Valprol-CR

Product Overview

Valprol-CR is a pharmaceutical formulation containing the active components Sodium Valproate and Valproic Acid. Presented as an extended-release tablet, this medication is engineered to provide gradual drug delivery. Valprol-CR is clinically indicated for the management of epilepsy, bipolar affective disorder, and migraine prophylaxis. The product is manufactured in various dosage strengths to meet individualized therapeutic requirements and is administered orally, with or without food.

Therapeutic Indications

Valprol-CR is extensively utilized in neurological and psychiatric therapeutics. Its primary application involves seizure control in epilepsy through stabilization of cerebral electrical activity. The medication is also prescribed for mood stabilization in bipolar disorder and for preventive management of migraine headaches to decrease attack frequency and intensity.

Administration Guidelines

Valprol-CR must be taken in strict accordance with medical prescription. Tablets should be ingested whole with adequate water, preferably during meals to mitigate potential gastrointestinal effects. The controlled-release formulation must not be crushed, chewed, or divided to maintain its pharmacological properties. Dosage regimen is individualized based on clinical assessment of the patient’s condition, therapeutic response, and other relevant medical factors.

Mechanism of Action

The active constituents of Valprol-CR exert their therapeutic effect by potentiating gamma-aminobutyric acid (GABA) neurotransmission, an inhibitory neurotransmitter system. This pharmacological action modulates neuronal excitability, thereby preventing pathological electrical discharges associated with seizure disorders and mood instability in bipolar conditions.

Dosage Protocol

Valprol-CR dosing is titrated according to patient-specific parameters including age, body mass, clinical indication, and treatment response. Therapy typically commences with lower doses, with gradual upward titration to achieve optimal therapeutic effect while monitoring tolerability. The extended-release formulation permits once or twice-daily administration, with total daily dose divided to maintain consistent plasma concentrations. Dose modifications should be physician-supervised.

Therapeutic Advantages

• Clinically proven efficacy in epilepsy, bipolar disorder, and migraine management
• Modified-release technology ensures sustained pharmacological activity
• Simplified dosing schedule enhances patient compliance
• Provides seizure control, mood stabilization, and migraine prophylaxis
• Multiple strength options available for personalized treatment

Adverse Effects

Common adverse reactions associated with Valprol-CR therapy may include somnolence, vertigo, gastrointestinal disturbances (nausea, vomiting, diarrhea), weight fluctuations, and alopecia. These effects are generally mild and often resolve with continued therapy or dosage adjustment. Serious adverse effects requiring immediate medical intervention include hepatotoxicity, pancreatic inflammation, and hematological abnormalities.

Precautions

Valprol-CR requires careful monitoring in patients with hepatic impairment, pancreatic disorders, or hematological conditions due to potential exacerbation risks. Regular hepatic function assessments and hematological monitoring are essential during treatment.

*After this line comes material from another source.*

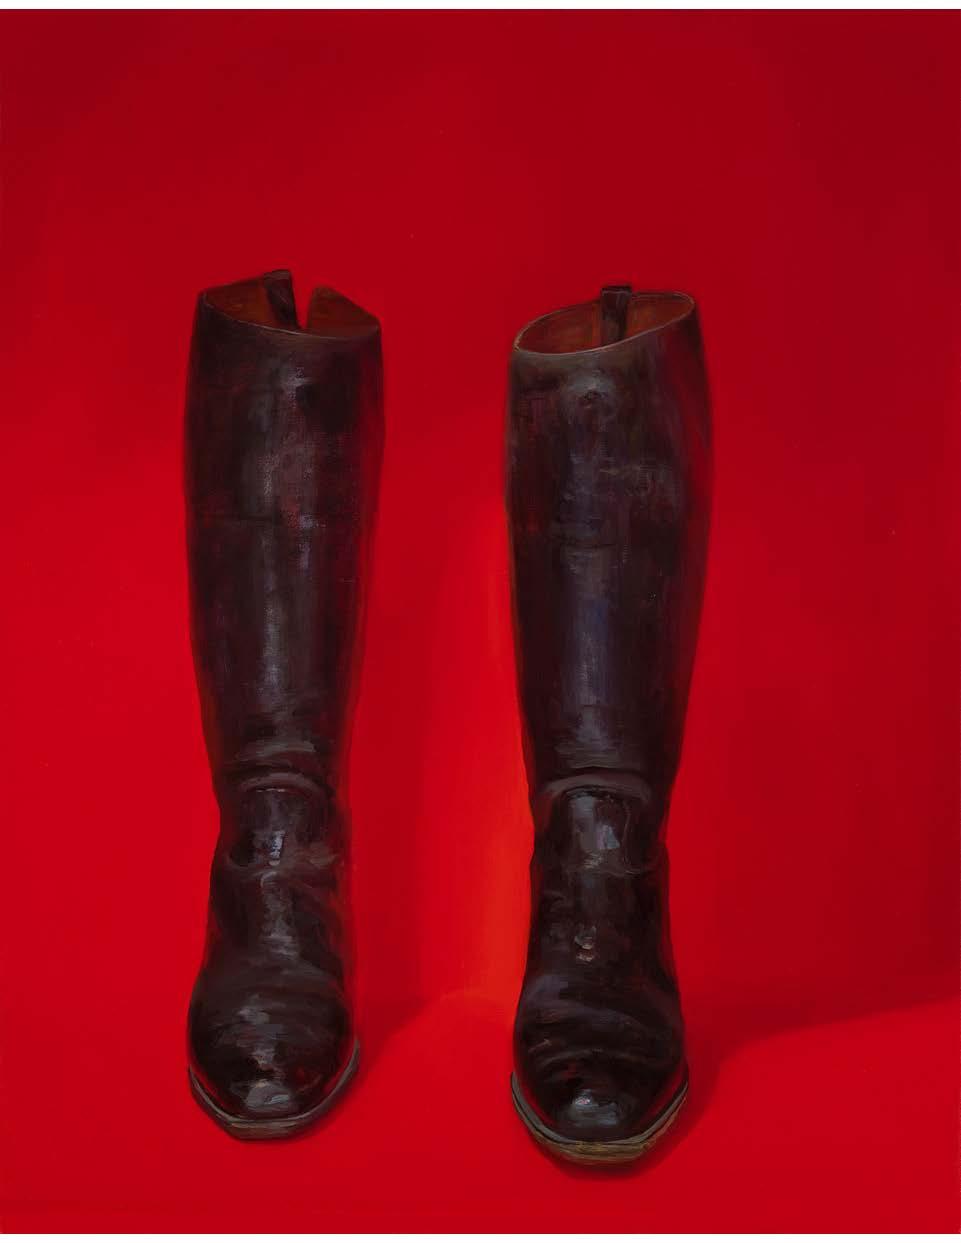 Boots_sRGB

This medication is contraindicated in pregnancy due to teratogenic potential unless clinical benefit significantly outweighs risk. Concomitant alcohol use is contraindicated due to increased hepatotoxicity risk.

Storage Conditions

Maintain Valprol-CR at controlled room temperature, protected from humidity and heat sources. Store in child-resistant containers out of reach of children and pets. Discard expired or physically compromised tablets appropriately in accordance with pharmaceutical waste disposal guidelines.

Disclaimer:

The information provided is intended for educational purposes only and represents expert-reviewed, evidence-based data. This content does not substitute professional medical advice, diagnosis, or treatment. The complete safety profile, including potential drug interactions and contraindications, may not be fully detailed herein. Always consult with a qualified healthcare provider regarding any medical condition or therapeutic regimen. This information aims to complement, not replace, the crucial physician-patient relationship.